In the entries below, begin at the line with "Samsung Galaxy S9" and stop after the line with "Eating 'bindaeduk' at"; output those lines exactly and omit the pictures.

[THE DATA Boundary: Start]

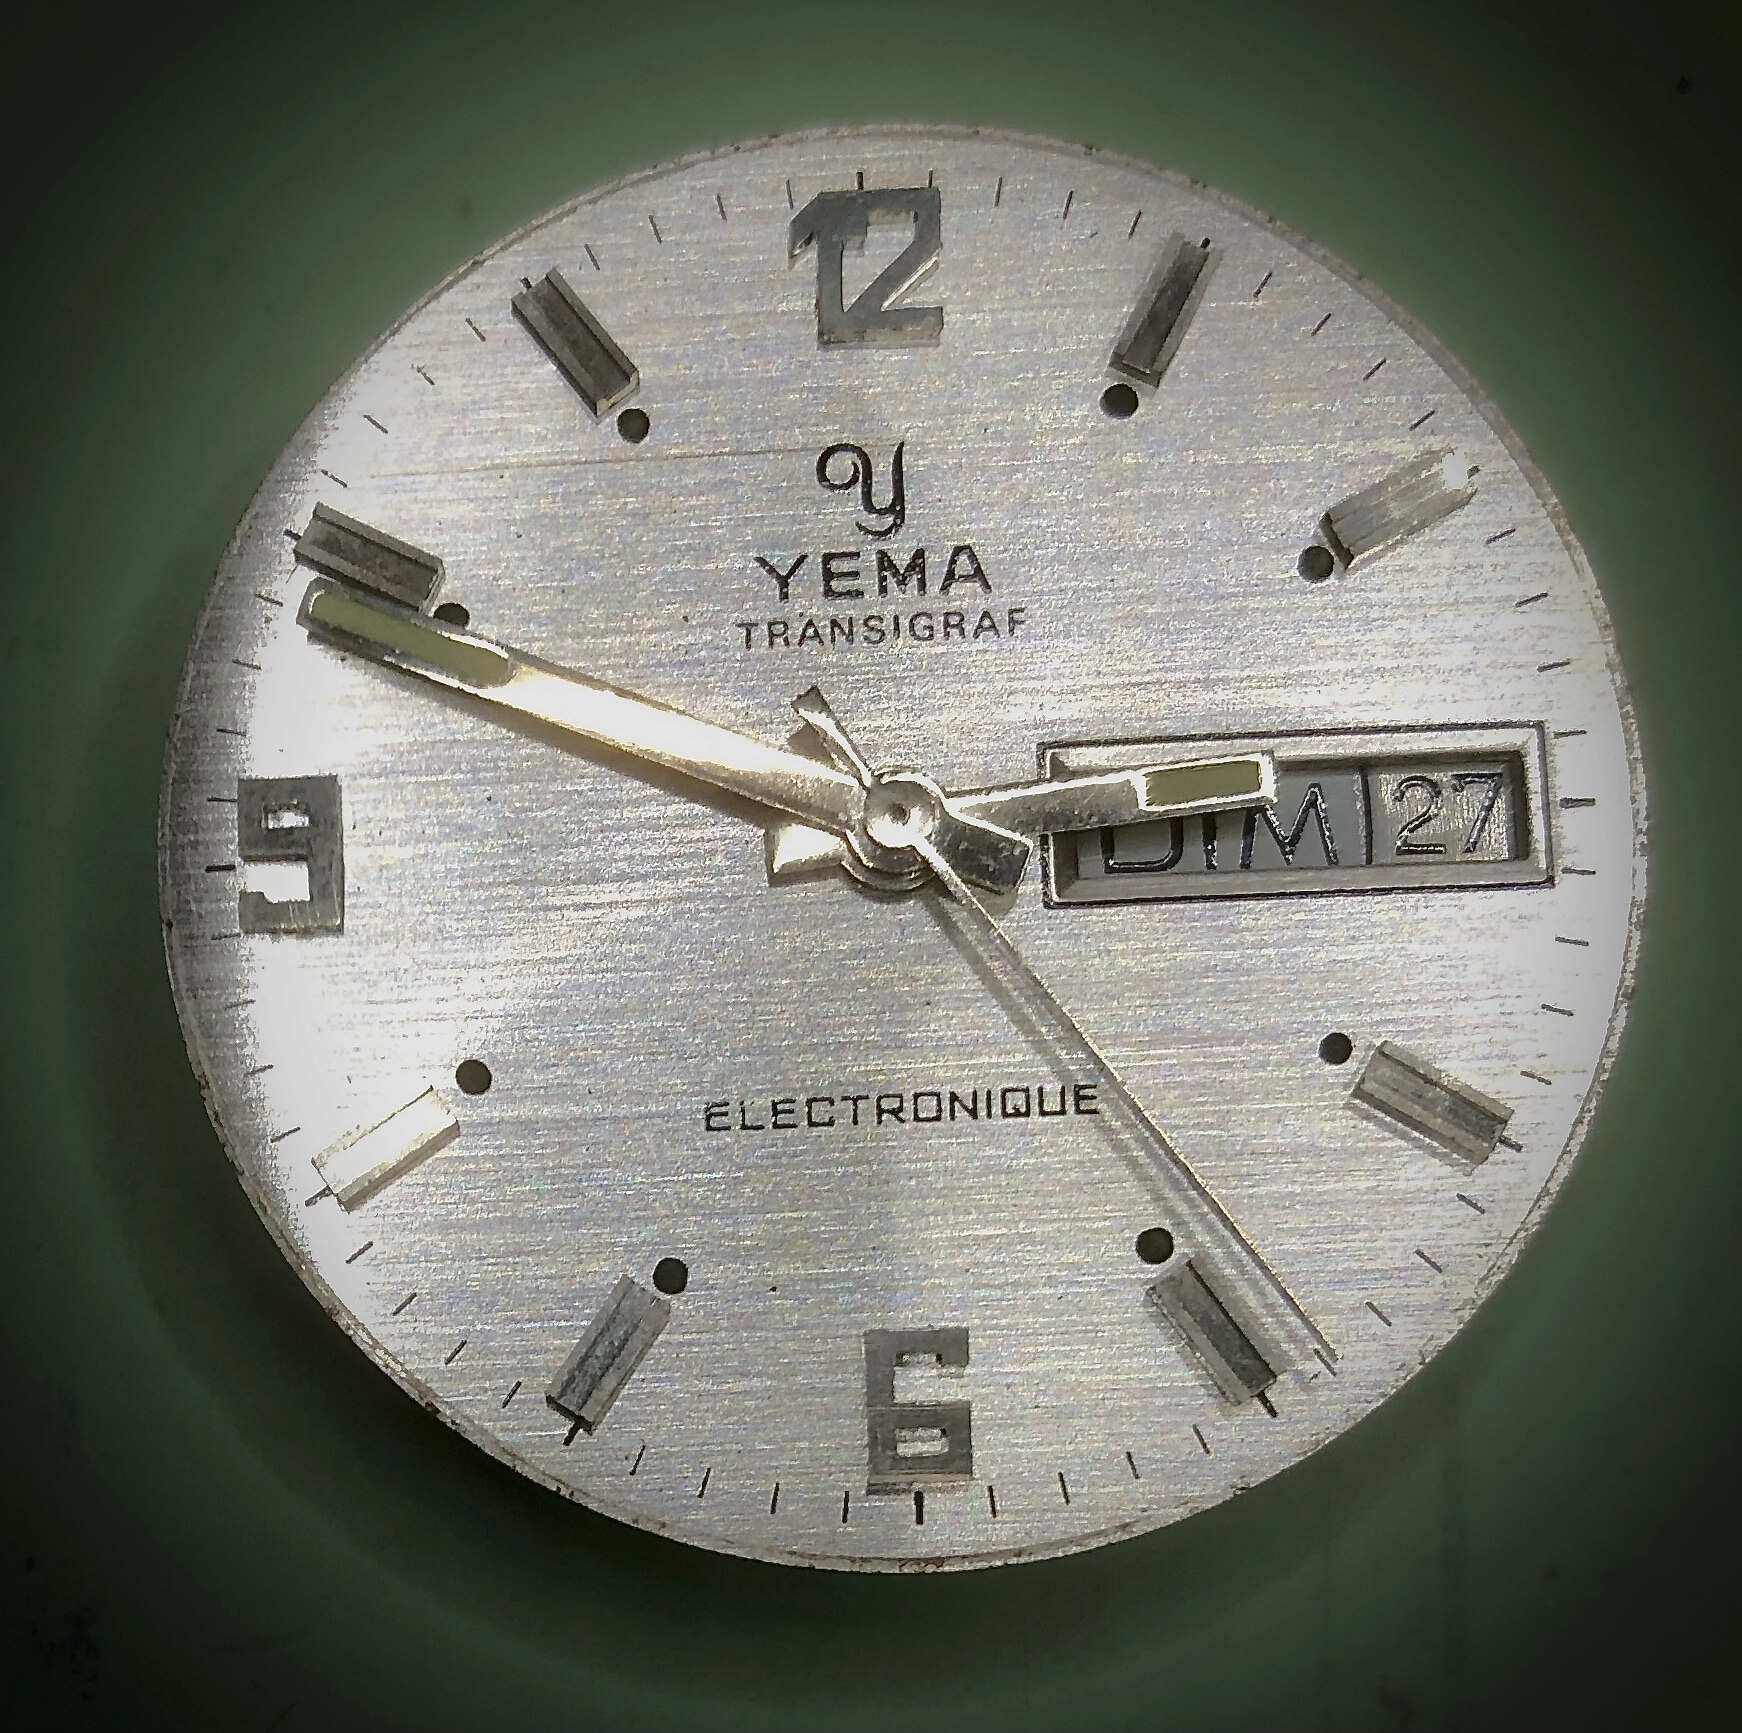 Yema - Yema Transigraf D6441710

[THE DATA Boundary: End]
[THE DATA Boundary: Start]

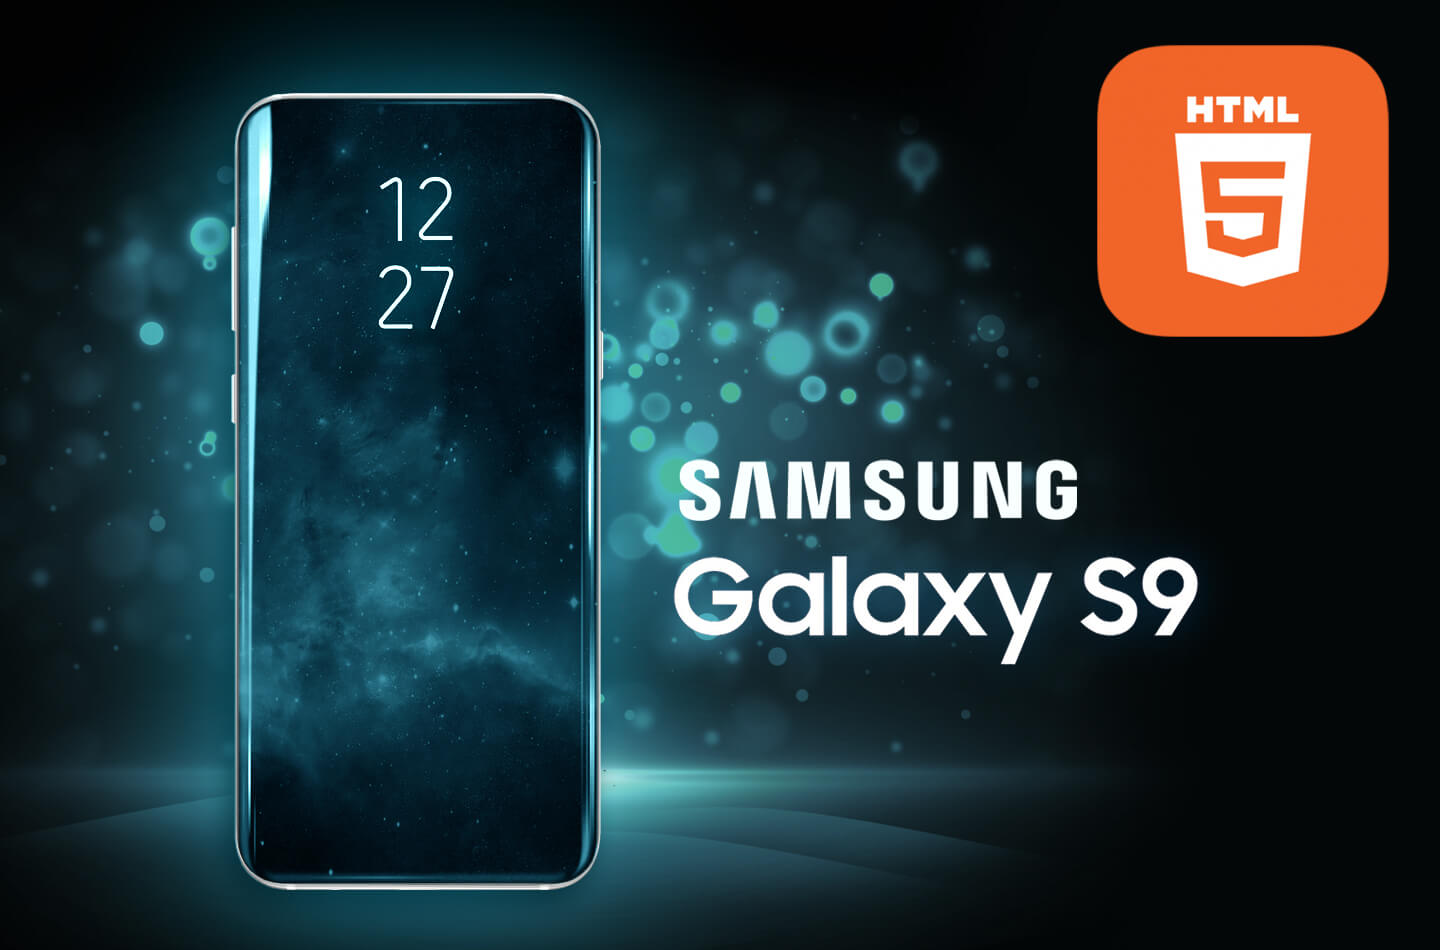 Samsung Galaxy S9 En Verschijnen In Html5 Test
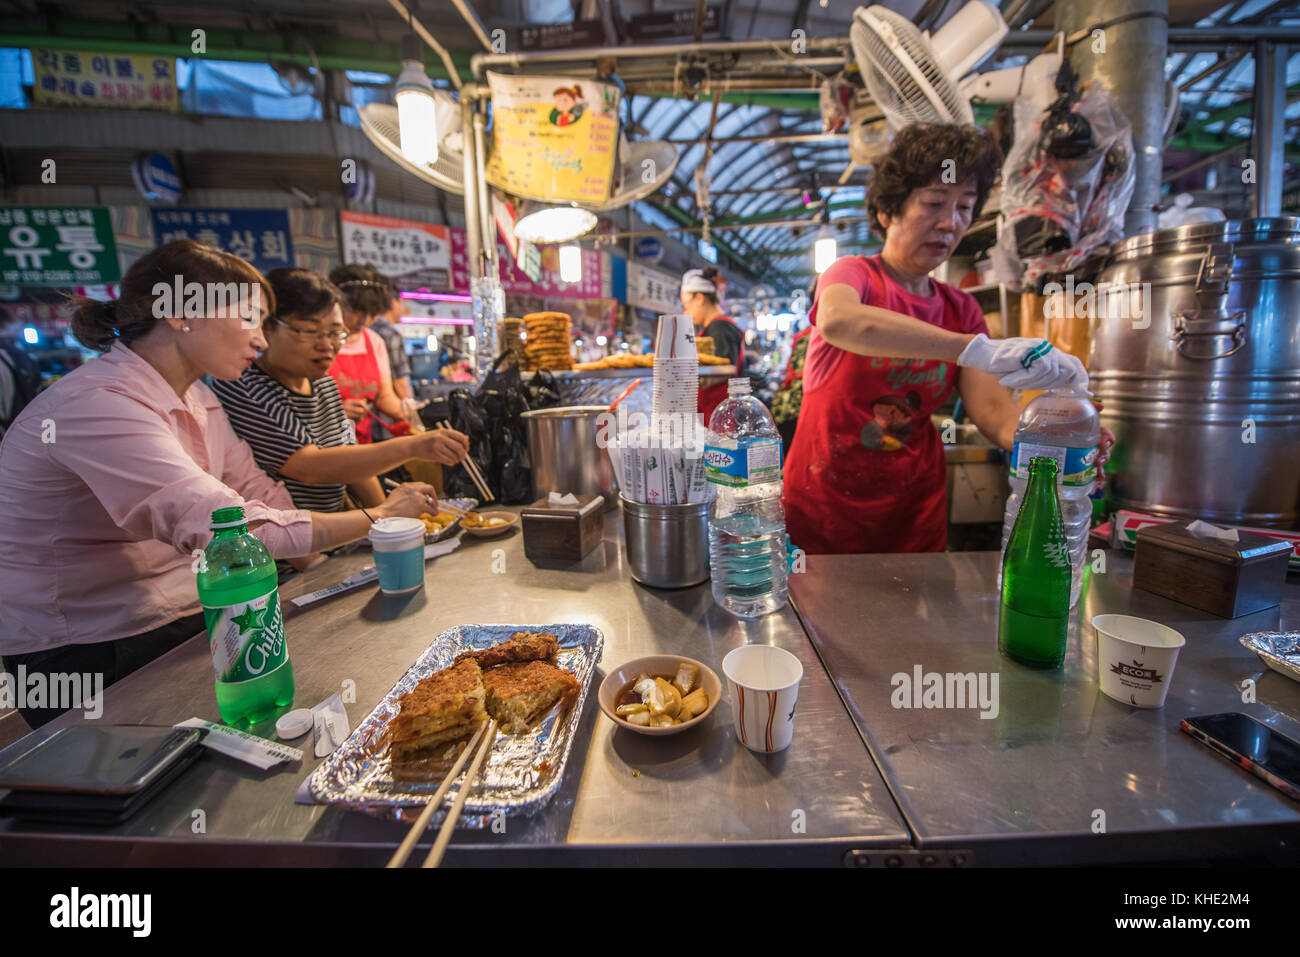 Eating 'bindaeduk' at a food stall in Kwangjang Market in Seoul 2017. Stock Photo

[THE DATA Boundary: End]

YOUR SOLUTION:
 Samsung Galaxy S9 En Verschijnen In Html5 Test
 Eating 'bindaeduk' at a food stall in Kwangjang Market in Seoul 2017. Stock Photo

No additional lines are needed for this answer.